Main Results
Experimental results clearly demonstrate the significant efficacy of the ComBack dataset. Fine-tuning six representative pre-trained language models with ComBack led to substantial accuracy improvements across the three core compiler backend development tasks: statement-level completion, next-statement suggestion, and code generation. Specifically, Edit Distance (ED) scores improved by an average of 41.64 to 77.21 points, and Exact Match (EM) accuracy for statement completion tasks saw absolute gains ranging from 42.58% to 67.77%. This overall enhancement is clearly illustrated in Table 2, which showcases the broad impact of ComBack.

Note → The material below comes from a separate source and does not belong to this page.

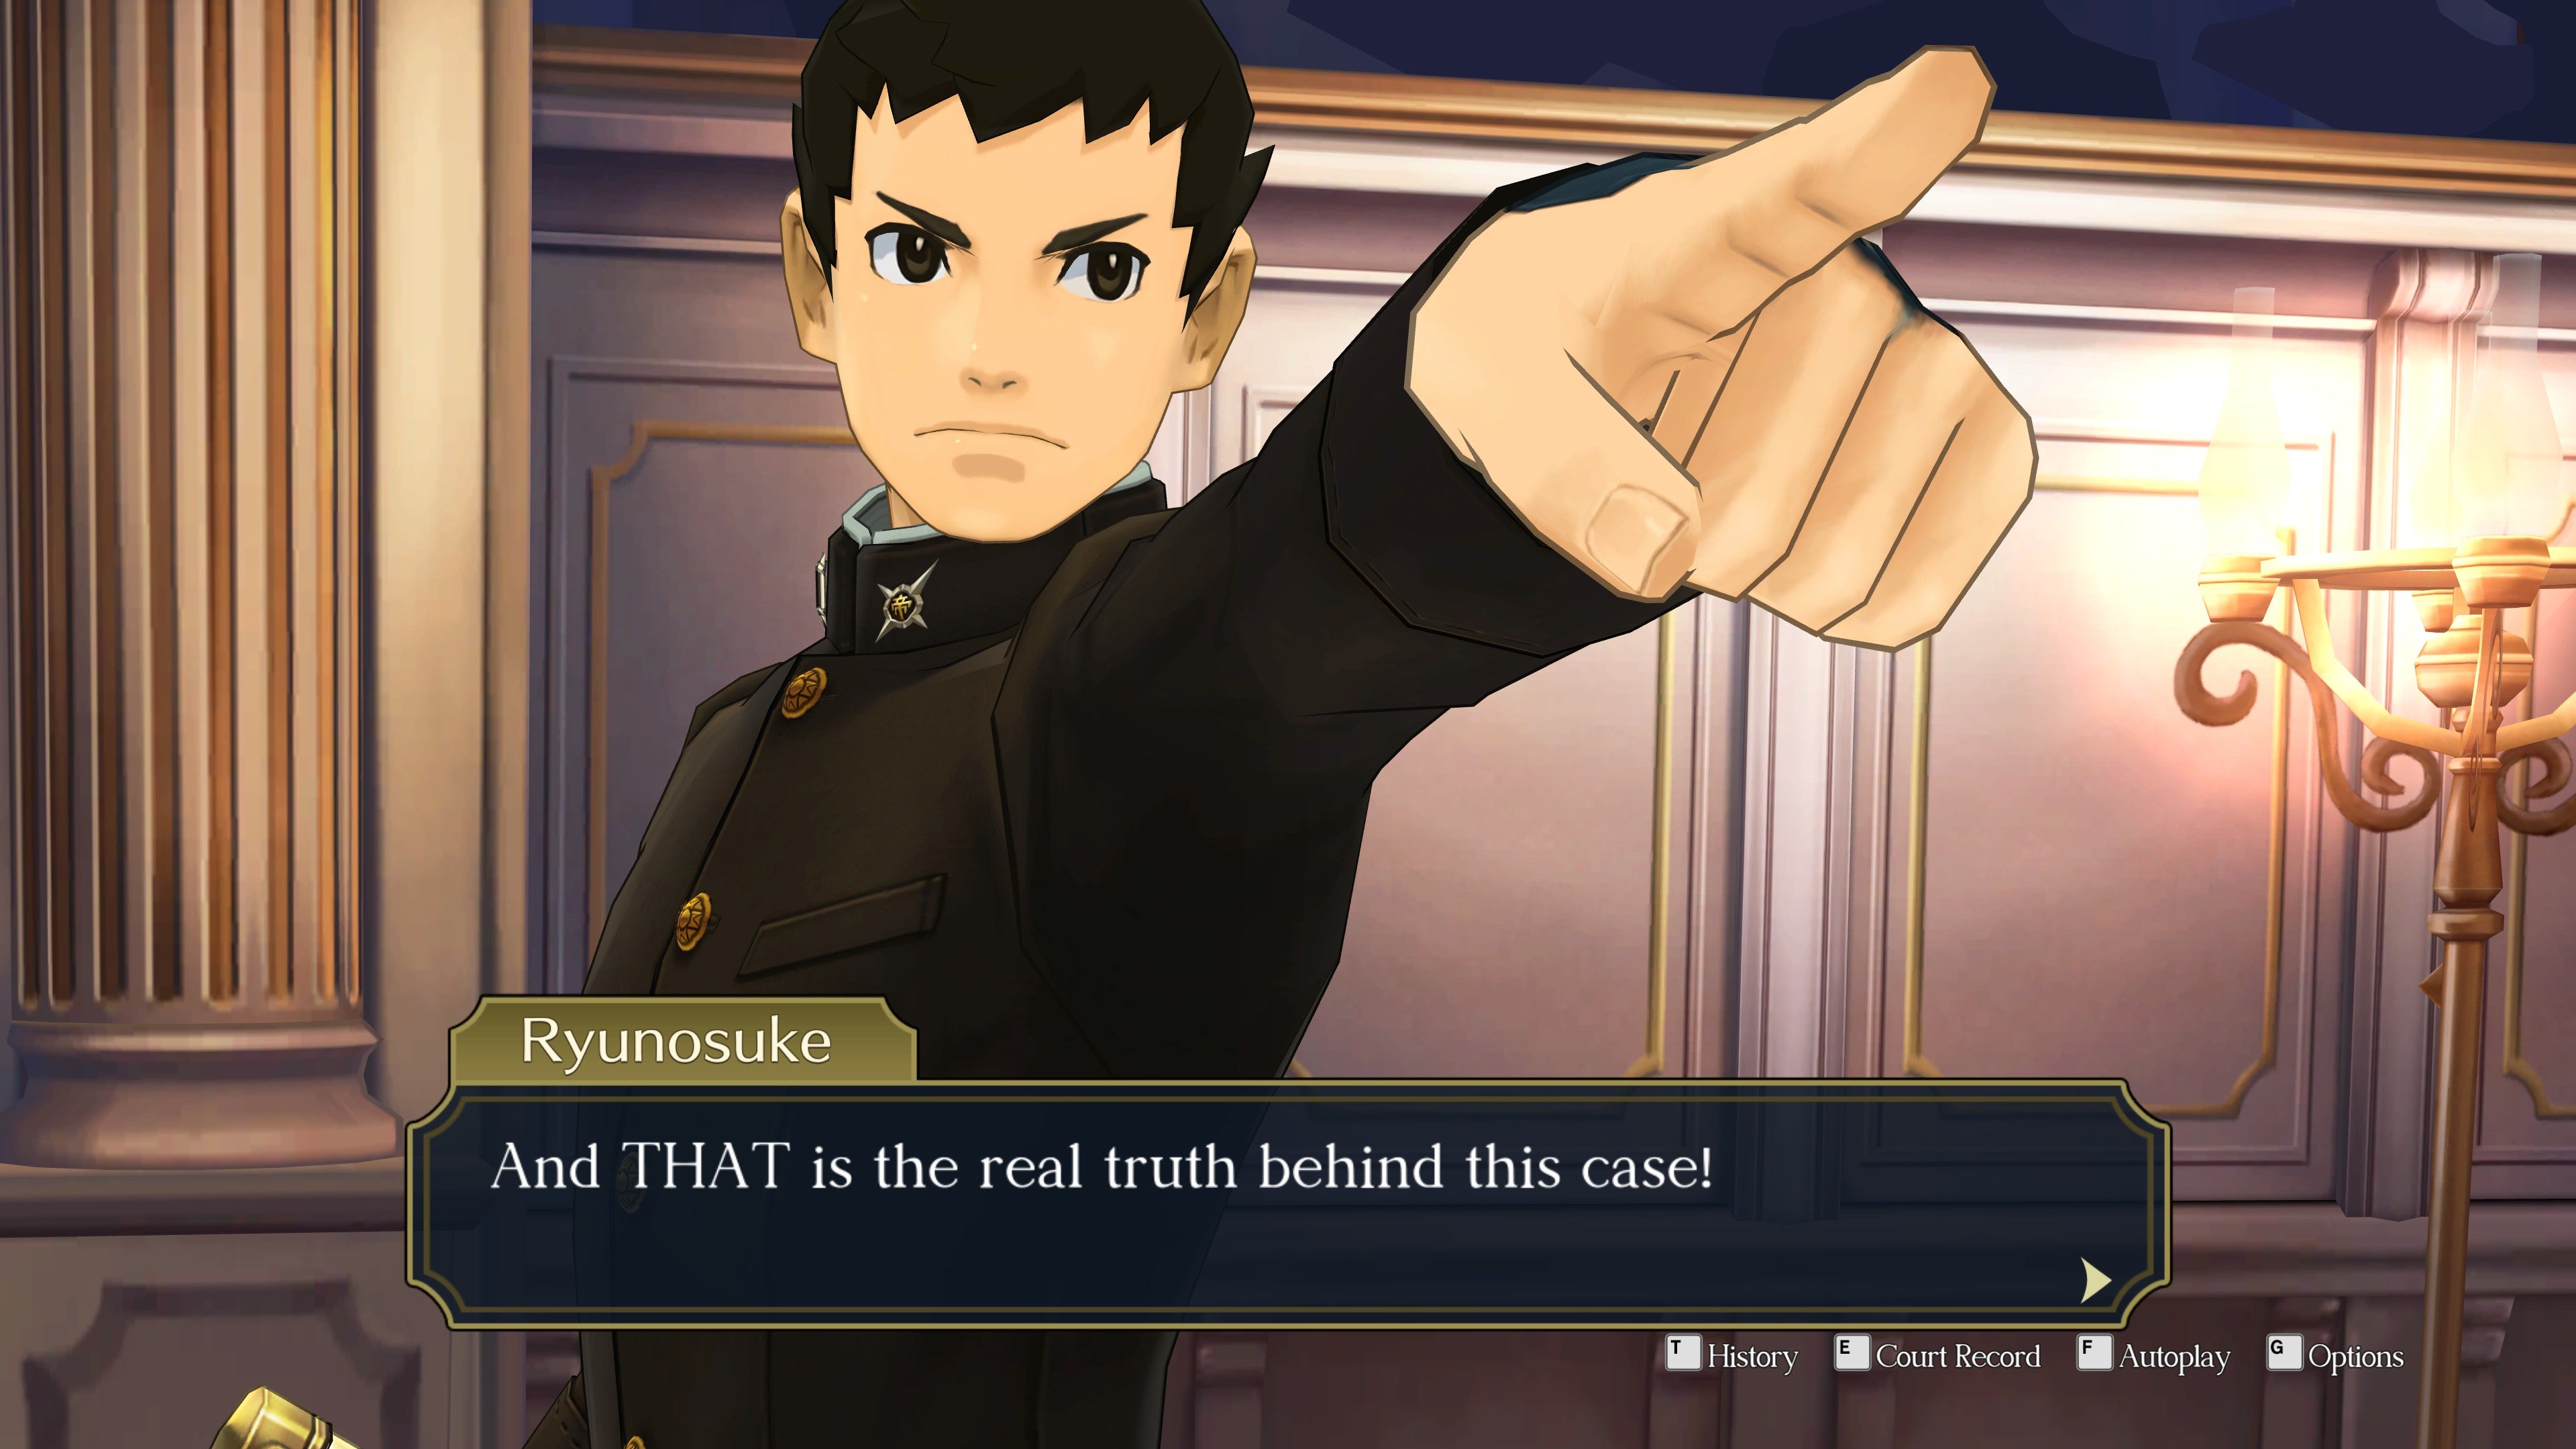 Ryunosuke points his finger in The Great Ace Attorney Chronicles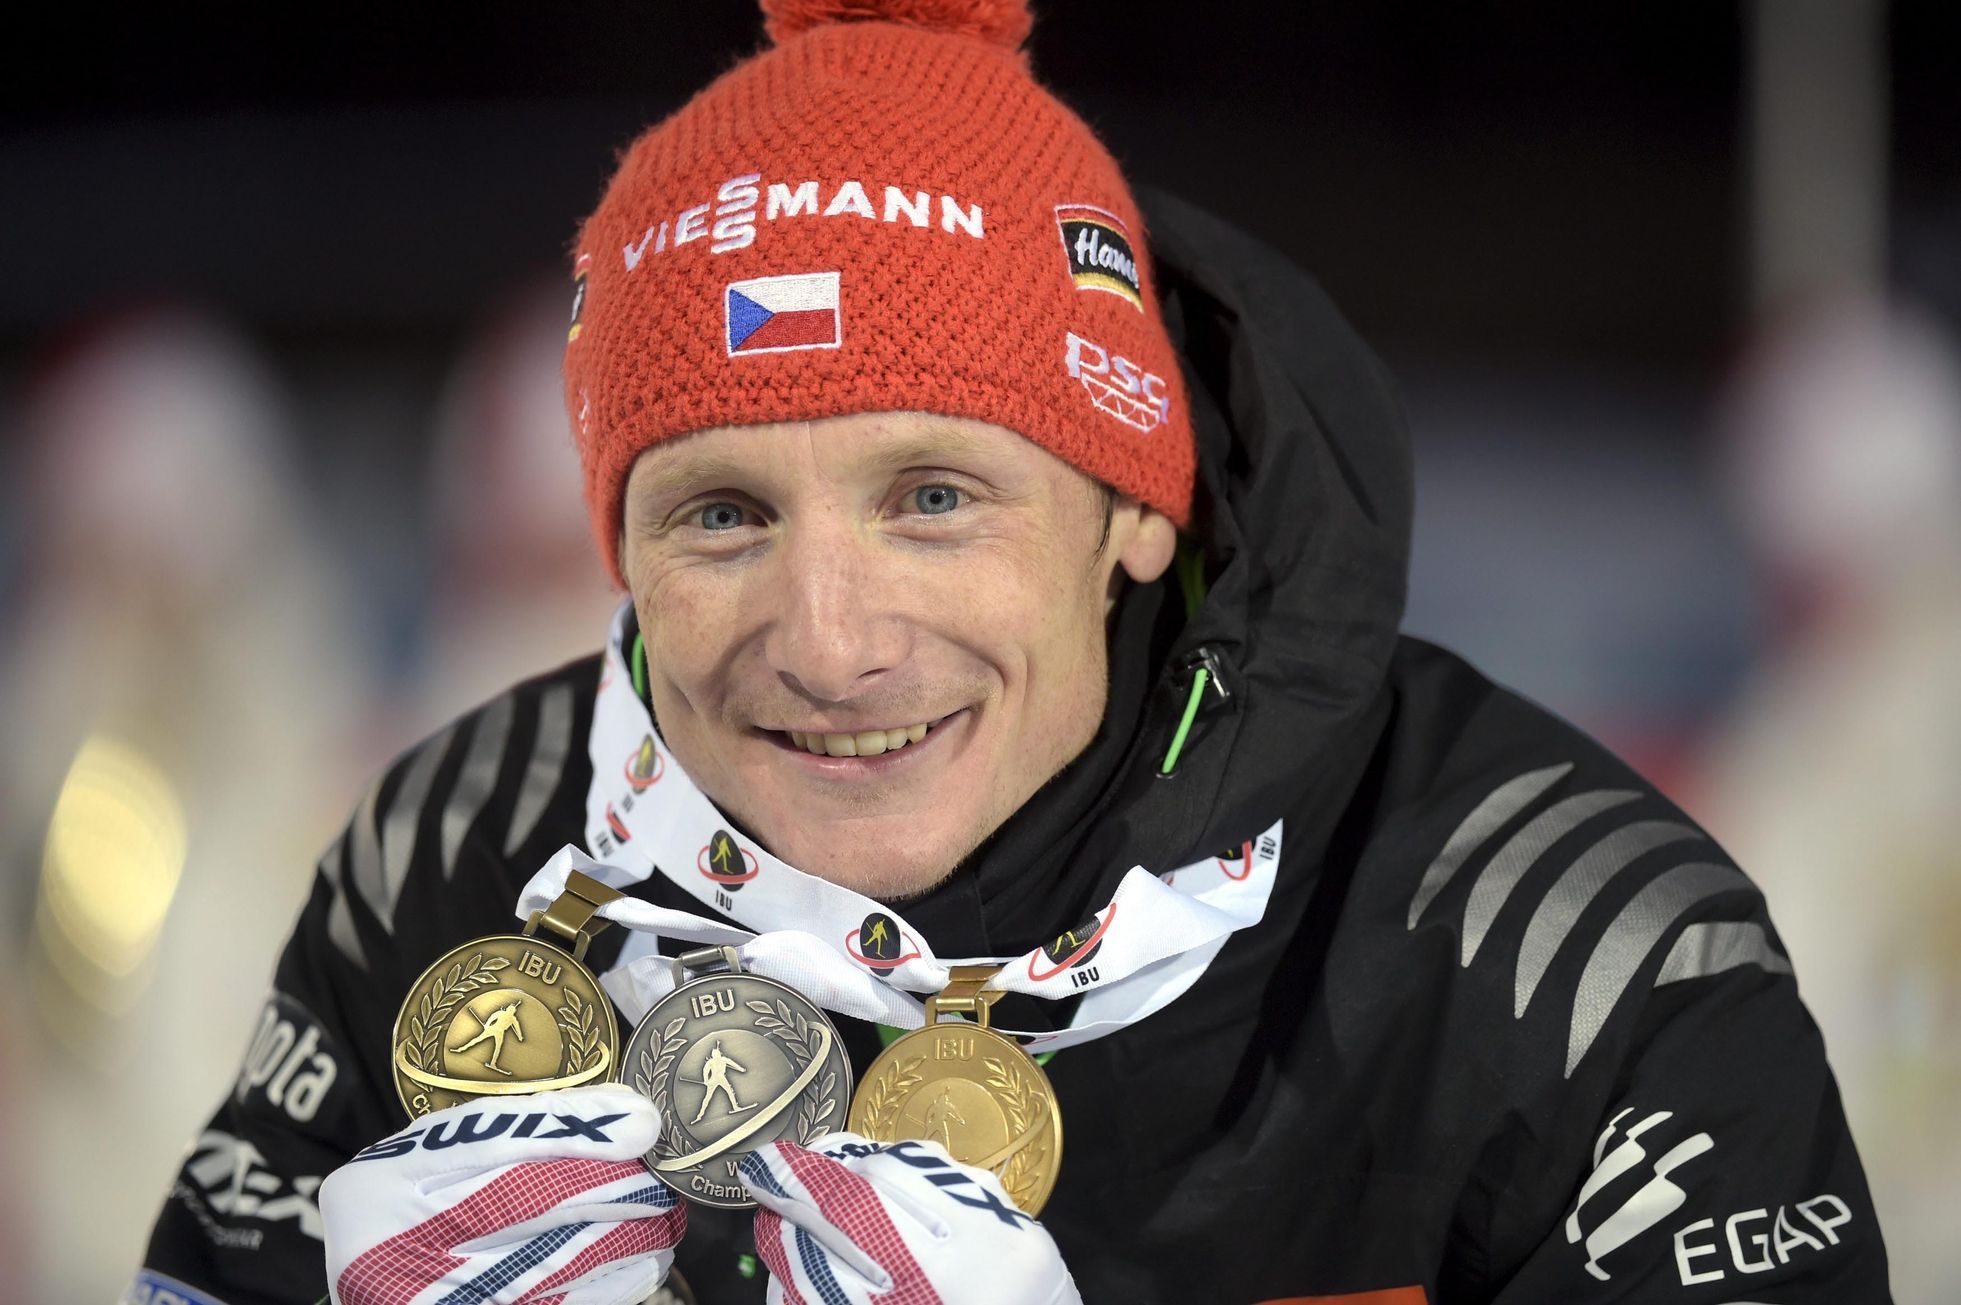 Czech Republic's Moravec poses with his medals at the IBU Biathlon World Championships in Kontiolahti

Crucially, when tasked with generating code for new targets of existing types (such as RISC-V, ARC, and NVPTX), a CodeT5+ model with only 220M parameters, after fine-tuning on ComBack, significantly outperformed both ChatGPT-3.5-Turbo and Code-LLaMA-34B-Instruct, as detailed in Table 3. Furthermore, the fine-tuned CodeT5+ also demonstrated superior performance compared to the conventional 'Fork-Flow' development method for code generation, a comparison visually presented in Figure 6.

As shown in Table 5, by fine-tuning CodeT5+ with ComBack iteratively expanded to include data for a specific customized target (RI5CY), significant accuracy improvements were achieved for that target across all three tasks. Specifically, for RI5CY, Statement-Level Completion EM increased by +7.90%, Next-Statement Suggestion EM by +9.96%, and Code Generation BLEU-4 by +25.05, showcasing the dataset's ability to enhance model performance for specialized, evolving targets.